When Philip Greaves received the note from Barry, to the deserter who was secreted in the suburbs of the city, he proceeded, towards evening, to the point where the soldier lay concealed, and to which he had been directed with unerring accuracy. On reaching the house in which the fugitive was said to be hidden, he found but an old woman, who seemed neither alarmed nor surprised at his arrival. Upon whispering a word in her ear, however, a look of intelligence stole into her eyes, and putting on her bonnet and cloak, in the deep dusk, she motioned him to follow her, having closed and locked to door behind her. After leading him but a short distance, among a number of small though clean huts, she gained one in which the family were seated at their plain evening repast. As they entered the dwelling, he perceived that there was one vacant seat at the table, from which some person had evidently arisen hastily and disappeared from the apartment In the course of a few moments, however, and on the head of the family having been called aside by the old woman, Philip was greeted with a hearty welcome, and instantly led into a little back room, where he found the person whom he sought, gazing about him with a distrustful if not an alarmed air. To this individual he showed Barry’s note, which he had previously abstracted from the envelope, requesting him, as he perused it, to return it to him again, as he wished to destroy it himself, lest, by accident, it should fall into other hands, and as he desired to say to Nicholas that he was personally cognizant of the fact of its being put out of the way. To this request the deserter readily acceded, as he would have to any other of a reasonable character, so delighted was he to receive the assurance that the hour of his deliverance drew nigh. Here, then, were the particulars of the plan of his escape settled upon. He was to remain still concealed, until Greaves called for him with a cab, but was to hold himself ready to quit his hiding place at a moment’s notice.

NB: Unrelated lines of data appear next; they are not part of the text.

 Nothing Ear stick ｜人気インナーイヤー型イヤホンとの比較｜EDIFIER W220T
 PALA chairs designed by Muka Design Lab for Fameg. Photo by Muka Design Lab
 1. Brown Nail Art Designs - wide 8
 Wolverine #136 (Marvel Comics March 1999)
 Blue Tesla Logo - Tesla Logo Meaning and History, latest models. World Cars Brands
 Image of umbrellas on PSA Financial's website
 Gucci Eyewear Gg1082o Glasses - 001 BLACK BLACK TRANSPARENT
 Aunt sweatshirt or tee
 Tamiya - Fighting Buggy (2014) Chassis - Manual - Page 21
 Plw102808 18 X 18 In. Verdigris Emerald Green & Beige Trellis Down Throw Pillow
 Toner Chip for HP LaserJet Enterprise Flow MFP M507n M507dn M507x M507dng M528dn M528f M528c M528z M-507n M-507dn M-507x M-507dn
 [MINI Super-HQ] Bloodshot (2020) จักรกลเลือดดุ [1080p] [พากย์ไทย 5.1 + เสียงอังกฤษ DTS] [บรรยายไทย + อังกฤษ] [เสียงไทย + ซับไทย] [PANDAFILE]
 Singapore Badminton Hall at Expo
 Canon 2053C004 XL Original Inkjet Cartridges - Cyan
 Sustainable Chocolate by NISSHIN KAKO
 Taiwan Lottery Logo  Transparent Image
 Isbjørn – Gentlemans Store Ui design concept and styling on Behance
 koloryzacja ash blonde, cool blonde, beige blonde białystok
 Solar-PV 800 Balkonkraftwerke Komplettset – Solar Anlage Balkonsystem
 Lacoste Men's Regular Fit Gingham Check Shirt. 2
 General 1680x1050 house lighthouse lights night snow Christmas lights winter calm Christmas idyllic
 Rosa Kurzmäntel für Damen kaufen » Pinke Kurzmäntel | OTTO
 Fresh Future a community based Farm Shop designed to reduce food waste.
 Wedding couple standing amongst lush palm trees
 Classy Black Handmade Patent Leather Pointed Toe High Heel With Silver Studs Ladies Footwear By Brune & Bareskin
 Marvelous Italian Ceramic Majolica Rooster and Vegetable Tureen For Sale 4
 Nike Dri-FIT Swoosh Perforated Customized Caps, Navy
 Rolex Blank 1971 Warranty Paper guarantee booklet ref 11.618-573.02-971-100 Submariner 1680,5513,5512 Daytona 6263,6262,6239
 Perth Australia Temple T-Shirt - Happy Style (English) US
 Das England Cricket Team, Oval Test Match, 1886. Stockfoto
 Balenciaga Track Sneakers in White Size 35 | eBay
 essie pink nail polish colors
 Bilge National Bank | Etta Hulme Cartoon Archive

These preliminaries being arranged, Philip left the house and speedily proceeded to a neighboring hotel, where he procured a private room, and, calling for pen, ink and paper, at once addressed himself to writing a letter. Various were the rubbings of hands and sinister smiles which punctuated this epistle, until at last, on its being finished, he carefully folded it, and taking from his pocket-book a sealed envelope, one end of which had been previously opened with great care, and the superscription completely removed by a cunning process, he took from another compartment of his book a small note and introduced it into the envelope, adroitly closing the apperture with a little mucilage, so as to completely conceal the incision that had been made, and obliterate every evidence of the envelope’s having been tampered with. This done, he slowly, and with apparent great caution as to the conformation of the letters, directed it, and when he found the ink to be completely dried, enclosed the whole in the letter that he had just written; placing it, in turn, in a larger envelope which he hastily directed to some party, from whom he apparently cared but little to conceal his hand-writing. This accomplished, he called for some brandy, and after paying liberally for it and the use of the room, directed his steps towards a stationer’s shop where he purchased a postage stamp which he attached to his letter. Here, also, he heard the subject of the threatened invasion of the Province discussed in all its bearings and probable results; and here, too, the bitter murmurs of discontent regarding the criminal conduct of the individual to whom the whole interests of the country were entrusted by the people and the Crown, and who was said to have been already for weeks in a condition of mind and body absolutely loathsome. Not wishing, however, to delay the mailing of his letter, he soon found himself wending his way to the Post-office, where, with his own hand, he consigned the missive to the care of her Majesty the Queen, by putting it in the apperture that opened into the letter-box from the street—the office being already closed. On this, he retraced his steps towards The Harp, where he so managed to thrust himself in among the struggling suspicions of O’Brien, as to almost gain the full confidence of that generous patriot and banish the last doubt from his breast.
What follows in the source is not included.